Y Bauti dice que en su casa fue igual. Que la tía Leila suspiraba y su mamá negaba con la cabeza; casi siempre sin hablar.

—¡Terrible! —decían cada tanto, una o la otra. Porque ninguna de las dos podían creer que una tormenta pudiera lastimar así.

Pero todo esto fue bueno para Bauti.  Su mamá y su tía Leila estaban tan en su mundo que apenas le prestaban atención a él. Y por otra parte, como había habido tantos destrozos en el barrio de su tía, durante el día se la pasaban allá. Y estar en la casa de la tía Leila significaba estar con Ojos. Y así fue como empezaron a conocerse.

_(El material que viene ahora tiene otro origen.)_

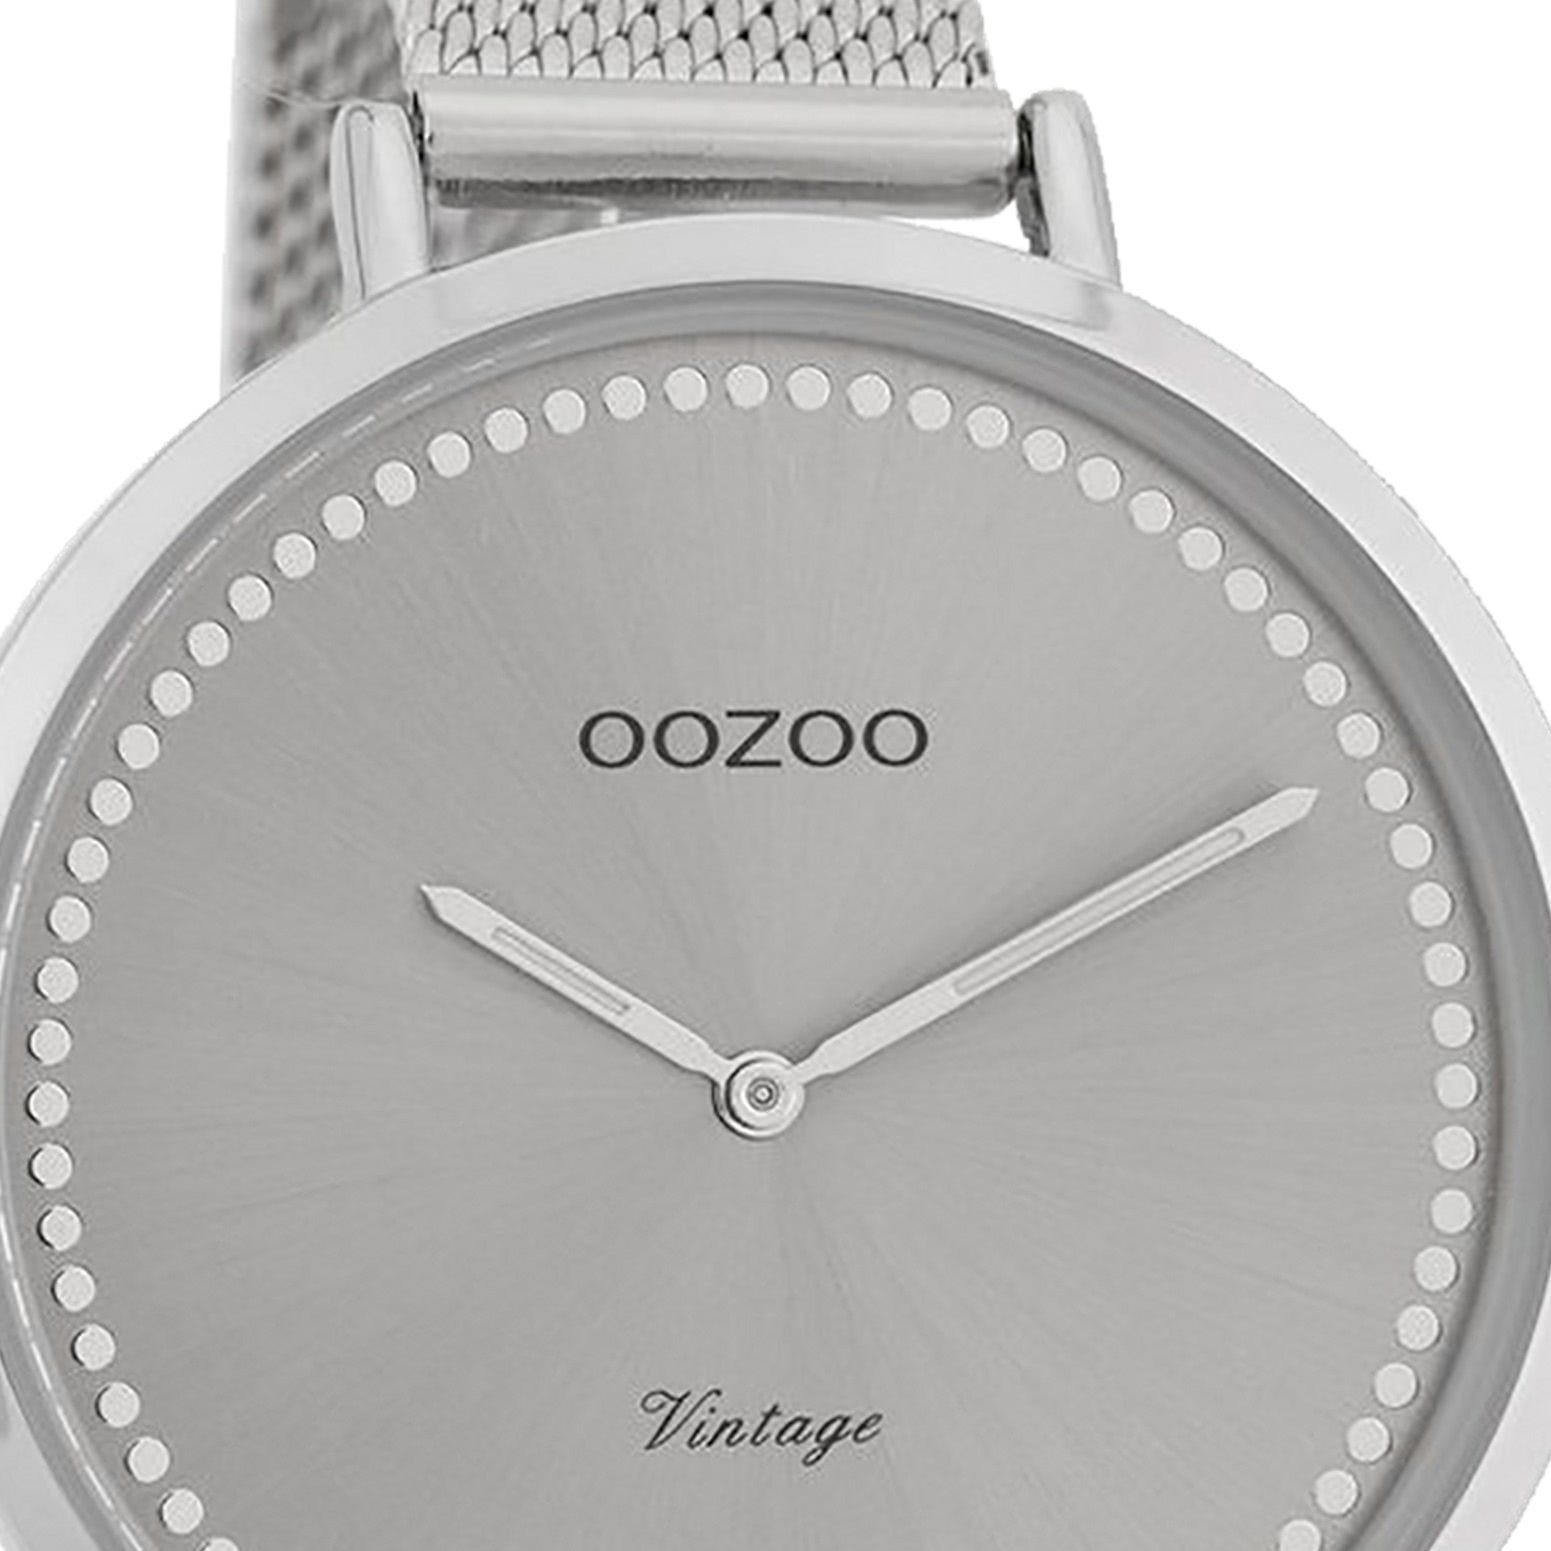 OOZOO Quarzuhr Oozoo Damen-Uhr silber, Edelstahlarmband, Damenuhr (ca. 40mm) groß rund, Fashion-Style

Lo primero que supo Bauti es que no era para nada inquieto: lo encontró en el mismo lugar donde lo había dejado el día anterior, atrás de la cortina del living. Y casi en el mismo acto supo también que no sentía ningún dolor, porque en cuanto lo tomó de la mano y tironeó para que se moviera, el brazo se le desprendió.  En ese momento horroroso fue cuando le puso el nombre. Porque el zombie no hizo ninguna mueca, no se quejó para nada ni intentó recuperar la parte del cuerpo que había perdido:

—¡Pero tendrías que haberle visto los ojos, Cami! Esa mirada me lo dijo todo, y supe que nunca pero nunca me iba a lastimar.

Le dije a Bauti que el nombre estaba bueno. Pero seguía sin entender el asunto de la Play: ¿Ojos tendría que volver al videojuego? Y justo cuando estaba por responderme eso, se prendieron las luces del estadio.